In 2003, Ochapa Onazi was a recipient of the National Honour of Officer of the Order of Niger (OON) in recognition of services to Nigeria's educational sector. In 2014, he was a recipient of the National Universities Distinguished Professor Award, also in recognition of his services to education in Nigeria and for scholarship in the field of biological sciences. He was president of the Gindiri Old Students Association.

Ochapa Onazi died on 1 August 2024, at the age of 87. He is survived by his wife, Ruth Mikiya and children: Eru, Oche, Agbenu and Adadu. His beloved daughter, Ori, died in 2019.

==Academia==

Ochapa Onazi was former Vice-Chancellor of the University of Jos (1985–1989), former Pro-Chancellor and Chairman of the Governing Council of Bayero University, Kano (2000–2004), former Pro-Chancellor and Chairman of the Governing Council of Benue State University, Makurdi (1996–2004) and former Pro-Chancellor and Chairman of the Governing Council of Plateau State University, Bokkos (2006–2007). Until his death, he was the Pro-Chancellor and Chairman of the Governing Council of the Karl Kumm University, Vom.

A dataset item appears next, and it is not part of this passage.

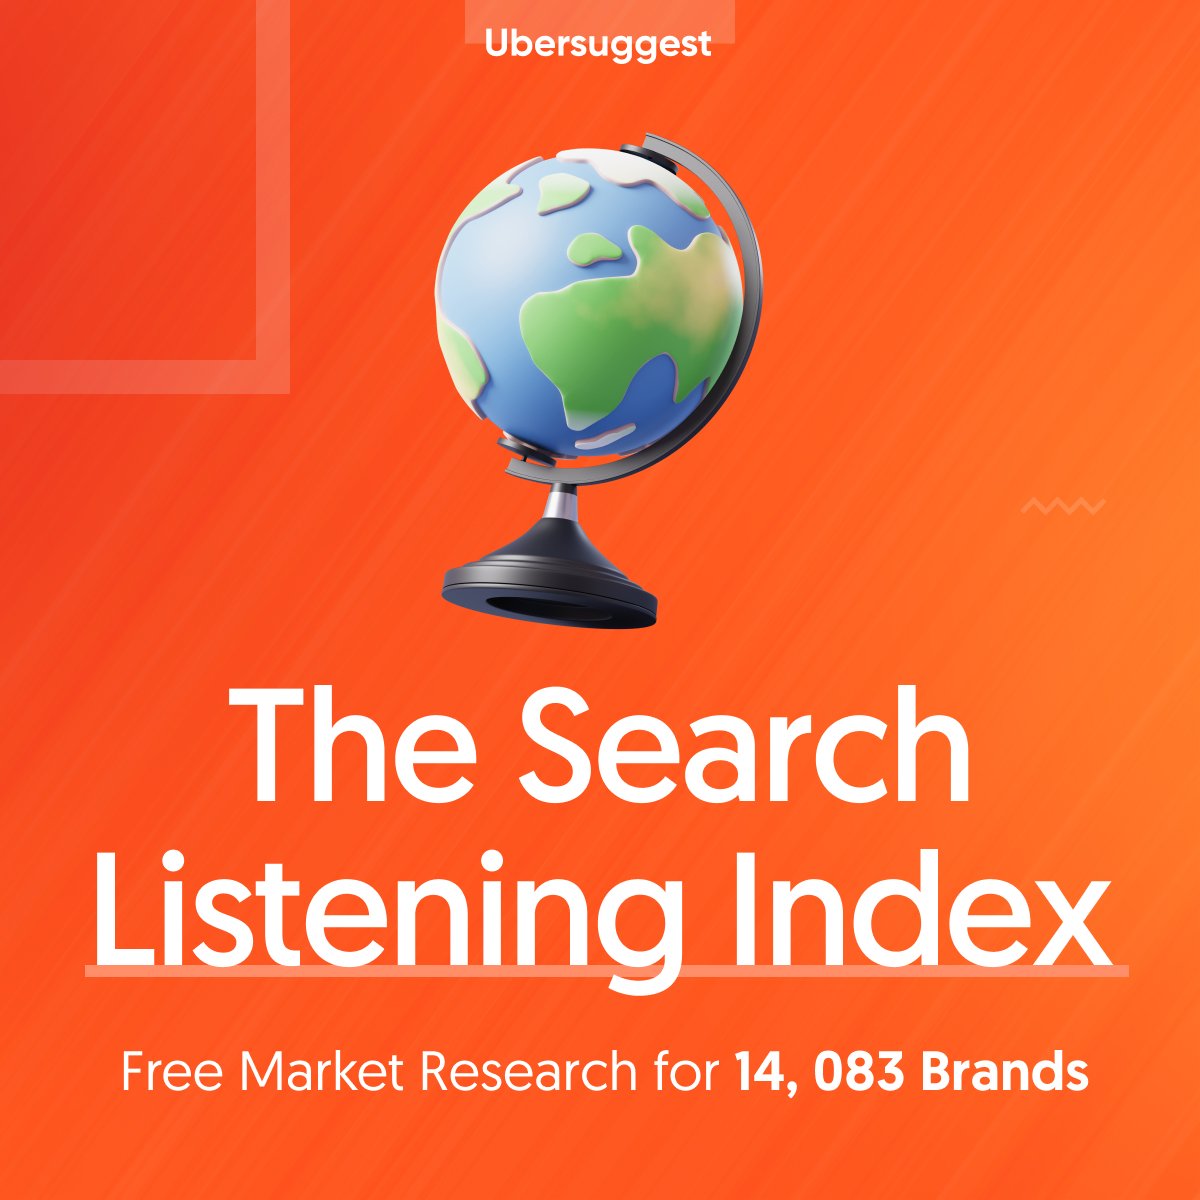 Our favorite, free resource at @answerthepublic is the Search Listening Index! The Search Listening Index is free market research for 14,083 brands (and counting) from sports brands to banks to coffee companies. eu1.hubs.ly/H01P2Sf0
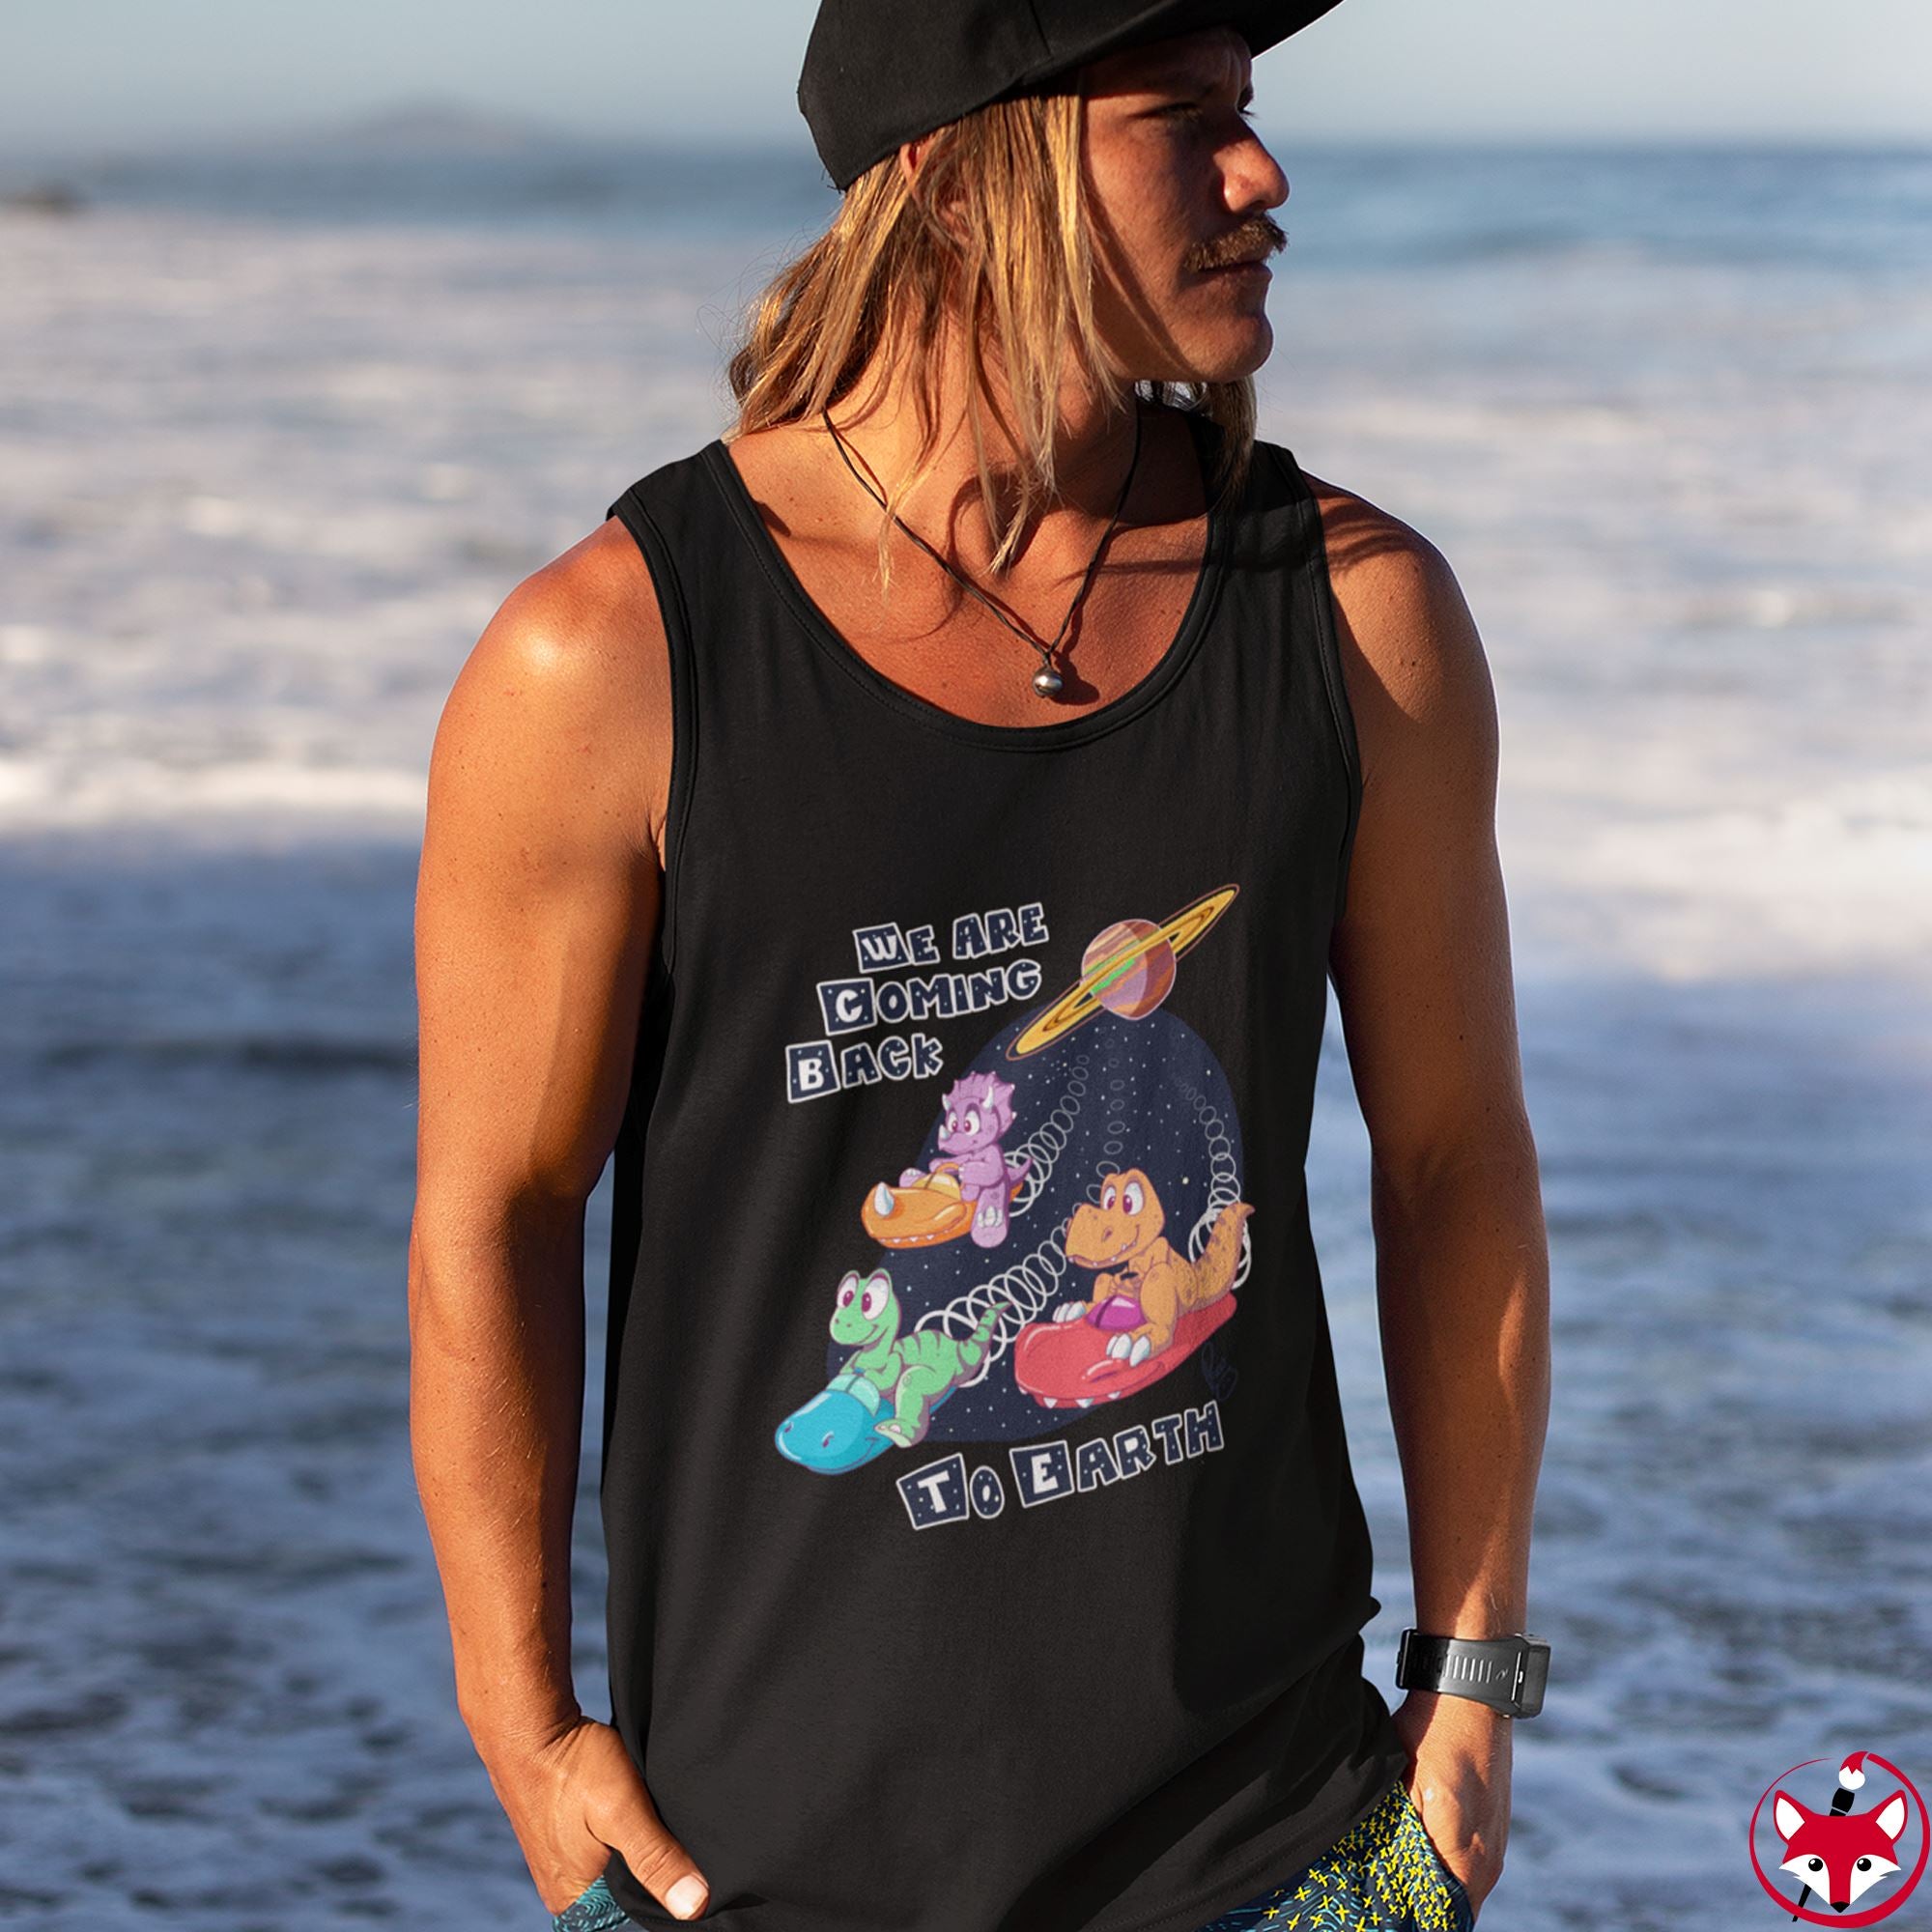 We are coming back to Earth - Tank Top Tank Top Paco Panda

Professor Onazi was a recipient of several fellowships, including the FAO/UNDP Desert Locust Project, Tehran (1966), the FAO/UNDP Desert Locust Project, London, Morocco and Senegal (1966), the UK Technical Assistance Fellowship for the M.Sc. programme at Imperial College, London (1966–1967), the USAID Fellowship from Kansas State University for the Ph.D. Programme (1971–1973) and the British Council Visitorship to various agricultural institutions in the UK (1975 and 1984). Ochapa Onazi was also the General Editor of the 'Macmillan Intermediate Agriculture Series', London and Basingstoke: Macmillan Publishers Limited and Co-Editor (with Anthony Youdeowei and Fred Ezedinma) of the Introduction to Tropical Agriculture, London: Longman Publishing Group, 1986.

==Career==

Ochapa Onazi was a foundational member of staff of the National Agricultural Extension Research Liaison Services (NAERLS), Ahmadu Bello University, Zaria. With late Alhaji Imrana Yazidu, Professor Ango Abdullahi and others, they established the Extension Research Liaison Services (ERLS), which later metamorphosed into the NAERLS. After serving as an extension entomologist at the NAERLS, Onazi became the Deputy Director and substantive Director of the Division of Agricultural Colleges (DAC) in 1973 and 1974 respectively. He held that position for ten years until his appointment as the Provost of the Makurdi Campus of the University of Jos in Benue State following the merger of the defunct Federal University of Technology, Makurdi in 1984 with the University of Jos by the Federal Government. In a career that spans over 40 years, Onazi carried out several important national and international assignments. He was Member of the Board of National Electric Power Authority (1976–1980); Co-ordinator of Memorandum of Understanding with Kansas State University on the graduate training of mature students from the Ministries of Agriculture in the Northern States of Nigeria (1973–1984); Chairman of the Task Force on the Establishment of Vocational Training Centres in Benue State (1978–1980); Editorial Advisor to Popular Technology Magazine, Published by WENCA Co. Ltd., London; Chairman of the World Bank Agricultural Education Project, Federal Ministry of Education, Lagos (1986–1988); Leader of the Presidential Monitoring Team on Final Comprehensive Inspection (FCI) of Landing Jetties constructed by DFRRI in Rivers State (July–August 1990), FAO Consultant in Agricultural Extension Training, Republic of Uganda (November–December 1990); Leader of the Presidential Monitoring Team on FCI of Rural Feeder Roads Phase II constructed by DFRRI in Rivers State (February–March 1991); FAO Consultant in Agricultural Extension, Republic of Uganda (January–March 1991); Technical Advisor FGN/UNDP Project in on-farm crop storage, crop storage unit Federal Ministry of Agriculture, Moor Plantation, Ibadan (1993–1997); and Chairman of the Advisory Committee on the establishment of Nasarawa State University, appointed by the Governor of Nasarawa State (May 2000).